FORMAT: whether the reads are paired-end (PE) or single-end (SE).
mut_tracks: the type of mutation (e.g., T-to-C mutations) that sequencing tracks will be colored by. If you are most interested in the T-to-C mutational content, then mut_tracks should be TC. If G-to-A, then mut_tracks should be GA. If both, then mut_tracks should be "TC,GA".
minqual: Minimum base quality to call it a mutation.
keepcols: Names of columns to keep in cB.csv output file. See Output for details of columns you can keep.
spikename: If spike-ins are present, this should be a string that is common to all gene_ids for spike-in transcripts in annotation gtf. For example, in Ensembl annotations for Drosophila melanogaster, all gene_ids start with "FBgn". Therefore, if you have Drosophila spike-ins, spikename should be "FBgn".
normalize: If True, then scale factor calculated with edgeR is used to normalize sequencing tracks.
WSL: whether you are running this on the Windows subsystem for linux (0 = yes; 1= no)

Configurable parameters that uniquely impact the fastq processing are:

HISAT2: Path to directory containing hisat2 indices. These must be pre-built by the user. See here for details.
HISAT_3N: Path to directory containing hisat-3n indices. These must be pre-built by the user. See here for details.
STAR_index: Path to directory containing STAR indices. These can be created by the pipeline if build_star is set to True. They will be created at the directory specified by STAR_index.
use_hisat3n: If True, HISAT-3N will be used for alignment.
use_star: If True, and use_hisat3n is False, STAR will be used for alignment. If both use_hisat3n and use_star are false, then HISAT2 will be used.
build_star: If True, STAR indices will be built automatically at path specified in STAR_index if not provided by user.
hisat3n_path: Path to HISAT-3N executable; HISAT-3N cannot be installed automatically like all other dependencies as it is not installable via conda.
chr_tag: If True, chr is added to chromosome names during alignment (HISAT2 and HISAT-3N only). Useful when aligner index is number-based but annotation file has "chr" in its seqnames.
Yale: If True, HISAT-3N can be loaded as a module available on the McCleary cluster. Otherwise, HISAT-3N must be installed manaully by the user and the path to the exectuable provided.
flattened: This parameter should be kept to False unless you know what you are doing.
adapter: Code snippet that is passed to Cutadapt for adapter trimming.
cutadapt_extra: Extra, optional parameters passed to Cutadapt.
star_extra: Extra, optional parameters passed to STAR for alignment.
hisat2_extra: Extra, optional parameters passed to HISAT2 for alignment.

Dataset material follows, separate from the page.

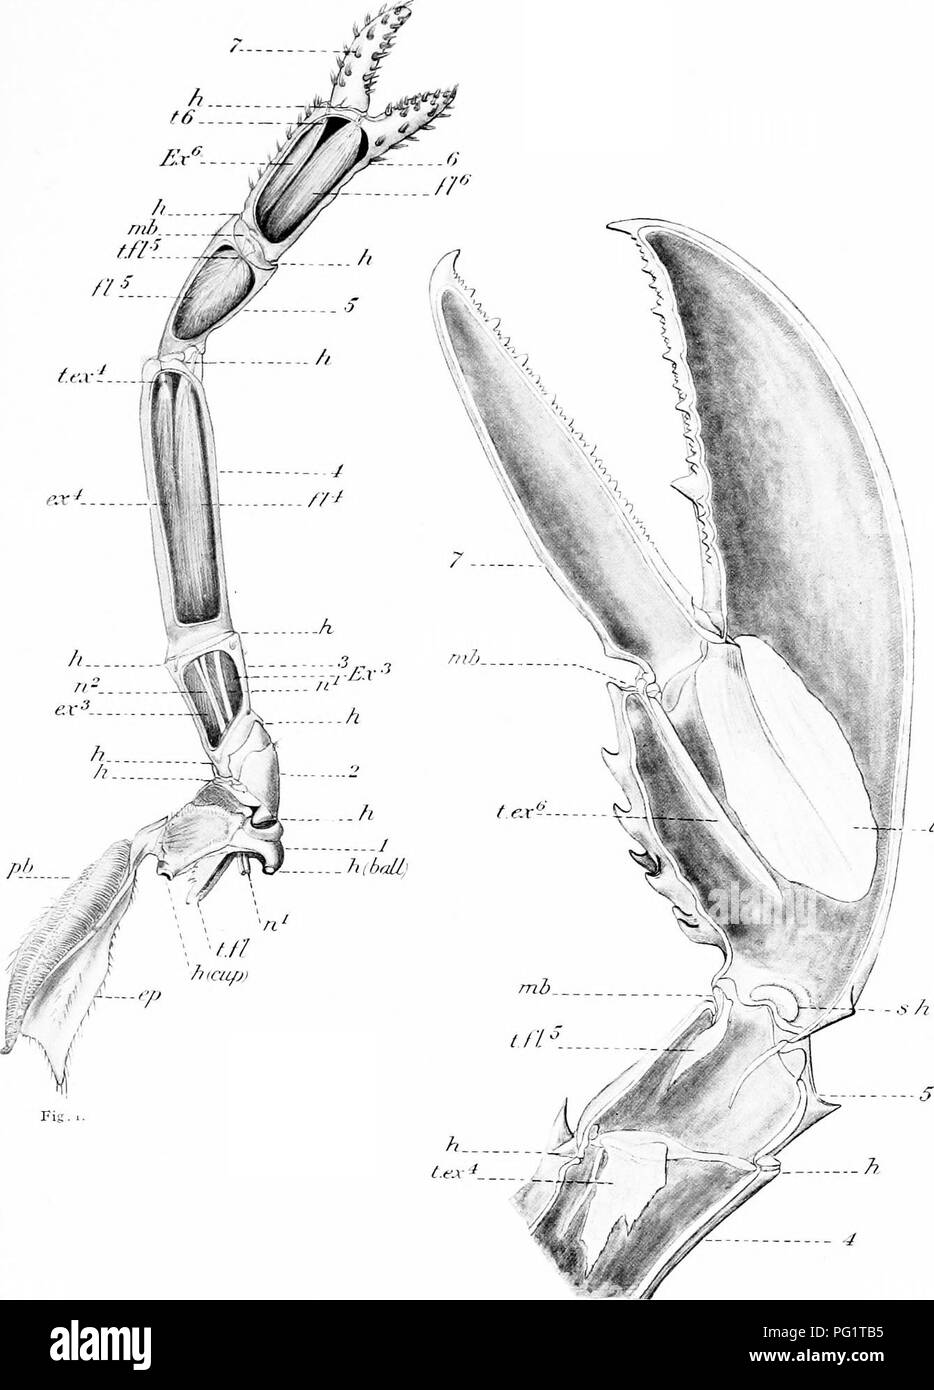 . Natural history of the American lobster... Decapoda (Crustacea); Lobster fisheries. Bui.1. U. S. B. F., 1909. Plate XLL. jm Fig. .. Fig. I.—Left second pereiopod from anterior or upper side, partly dissected to show the relations of muscles and tendons in the principal segments; hinges (A) and nerves (re^ and v?-) are indicated; and extensor and flexor m.uscles {ex, ft.) are numbered to correspond to segments of origin. Fig. 2.—SheU of right toothed forceps in sectional view from above, to show tendons crossing distal joints, s h, lower sliding hinge, from inside; mb, interarticular membrane Stock Photo

Edit the values in the config file as necessary and move on to the last step.

Run it!

Once steps 1-3 are complete, bam2bakR can be run from the directory you deployed the workflow to as follows:

snakemake --cores all --use-conda

There are A LOT of adjustable parameters that you can play with when running a Snakemake pipeline. I would point you to the Snakemake documentation for the details on everything you can change when running the pipeline.